Back at it just before sun rise, jigged and knocker rigged live bait for more BFT. Headed over to the Marlin to blue water. Lots of marked fish but no takers. Setup a slow troll over to the Beer Can with one knockdown, a freakin shark! 
Around 9 we put away all the gear, cleared the deck and started our trek back north.
What an experience for us, momma can't stop talking about how wonderful being out in blue water is! :yes: 
All in all:
18 nice size BFT
1 big head trigger
1 very large barracuda
1 shark
3 breakoffs
Tripmeter:
216.4 miles
148.2 gals of fuel
18.6 hrs on the motors
23 hrs on the water
Enjoy the pics, video may come soon.


----------



## 301bLLC (Nov 23, 2013)

Nice memories made there Ben!


----------



## Frenchy (Oct 2, 2007)

Nice report Ben, thank you for sharing, refreshing, talk about enjoying the moment and the elements. Congrats on the fish and the wife !!!:thumbup:


----------



## Bodupp (Oct 3, 2007)

Very nice report. You are a blessed man for sure. Congratulations on your anniversary.


----------



## chaps (Aug 31, 2009)

What a great report and more important an awesome weekend with your wife! You two definitely have it figured out. 
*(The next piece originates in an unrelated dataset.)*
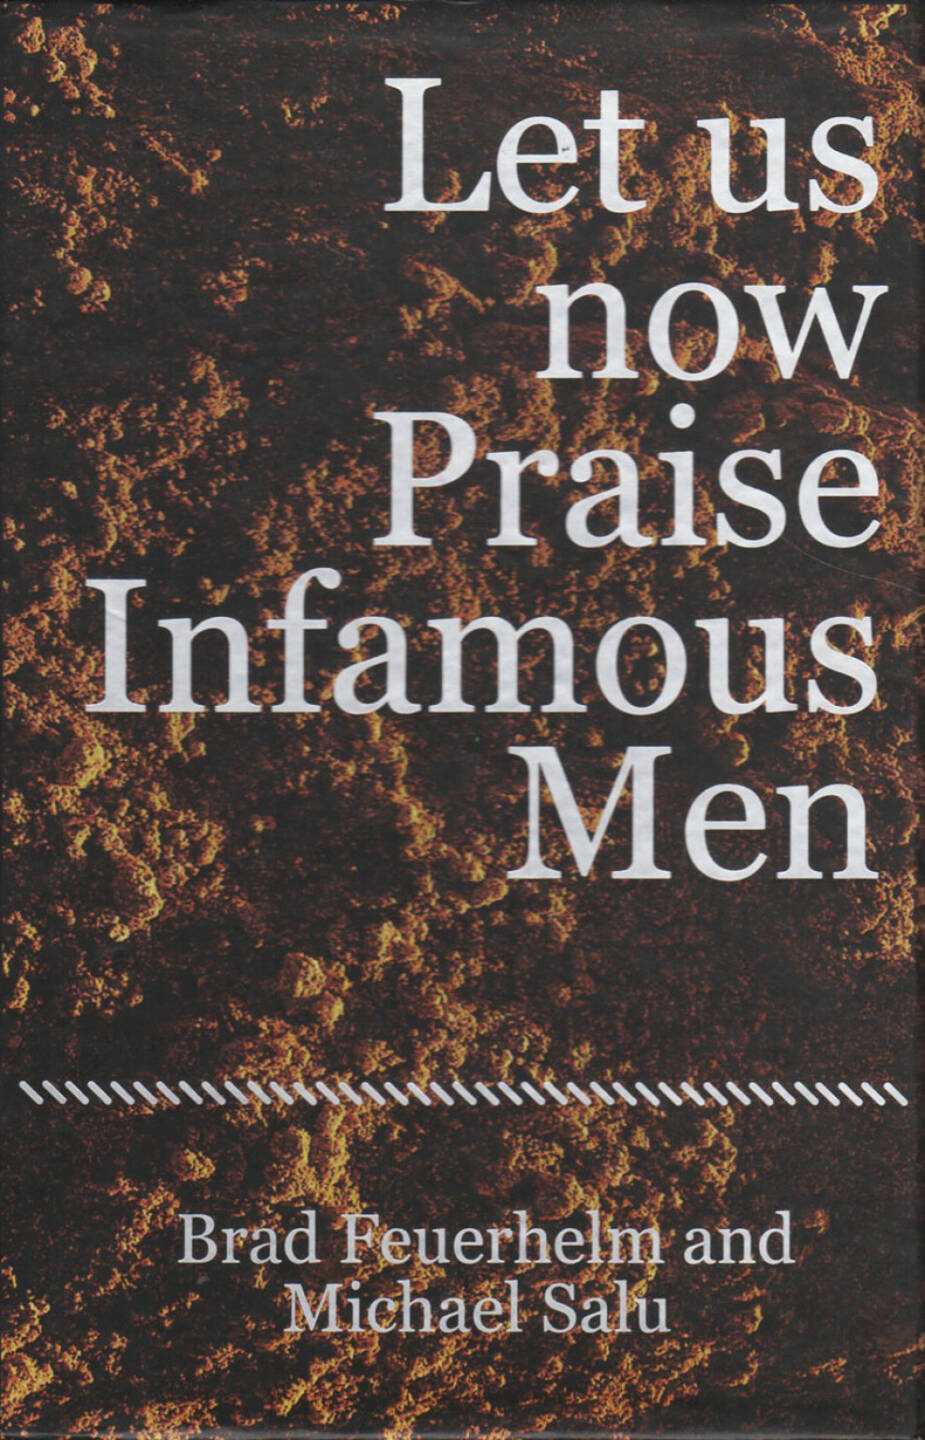 Brad Feuerhelm - Let us now Praise Infamous Men, Paralaxe Editions 2014, Cover - http://josefchladek.com/book/brad_feuerhelm_-_let_us_now_praise_infamous_men
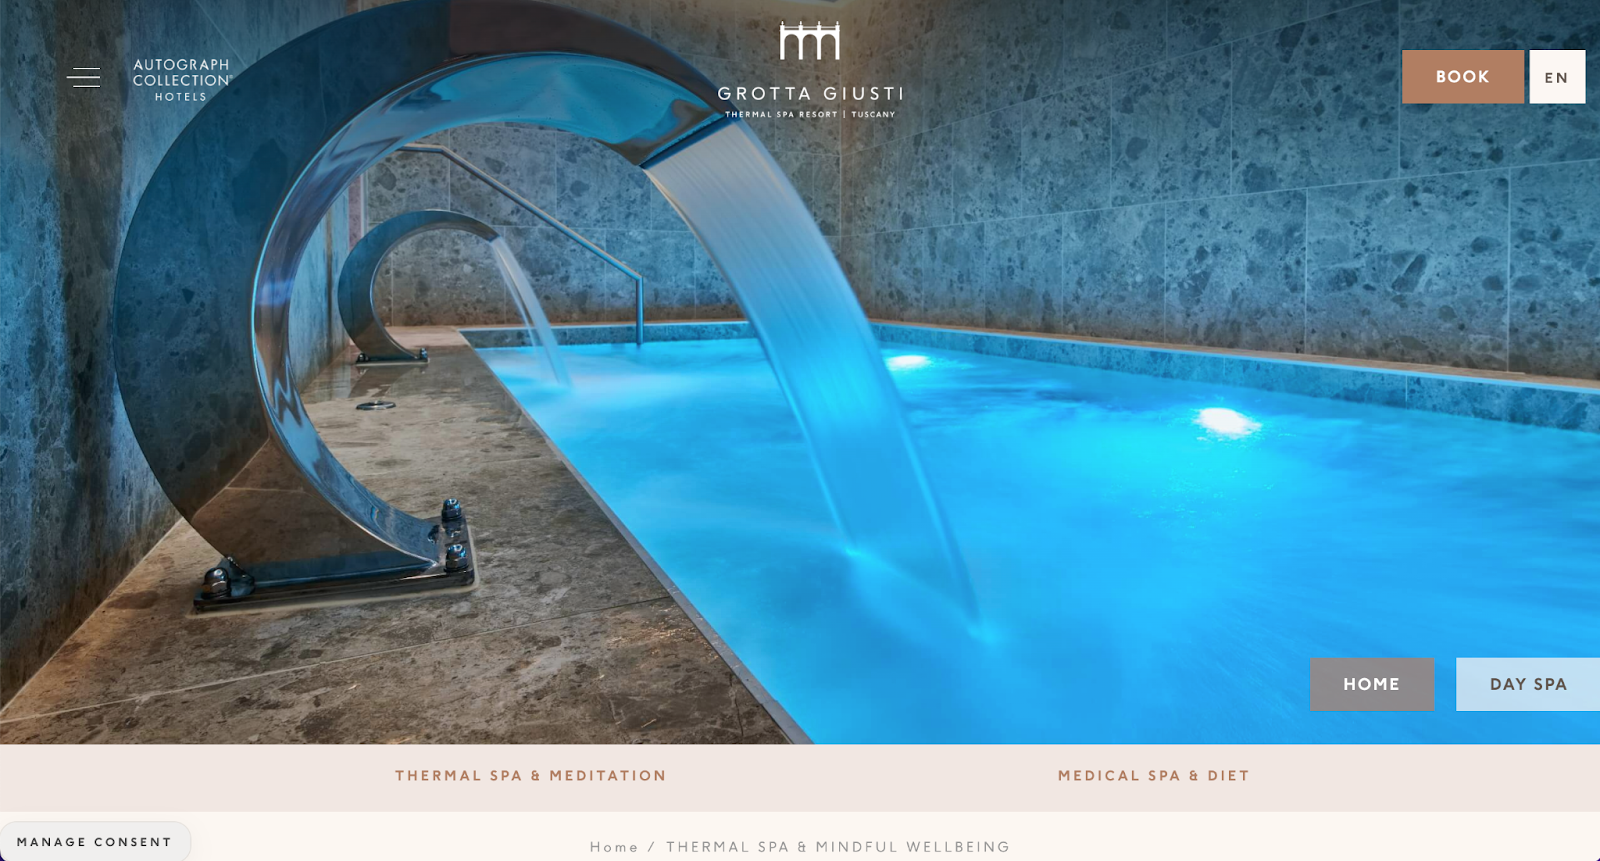 spa website examples, grotto giusti terme hotel spa

BTW the ice machine works perfectly!!!


----------



## jcasey (Oct 12, 2007)

Great job ! Looks like you two did good and you've got a keeper.


----------



## bcahn (Jan 10, 2013)

chaps said:


> What a great report and more important an awesome weekend with your wife! You two definitely have it figured out.
> 
> BTW the ice machine works perfectly!!!


thanks dude, glad the machine still produces!


----------



## bcahn (Jan 10, 2013)

chaps said:


> What a great report and more important an awesome weekend with your wife! You two definitely have it figured out.
> 
> BTW the ice machine works perfectly!!!


thanks dude, glad the machine still produces!


----------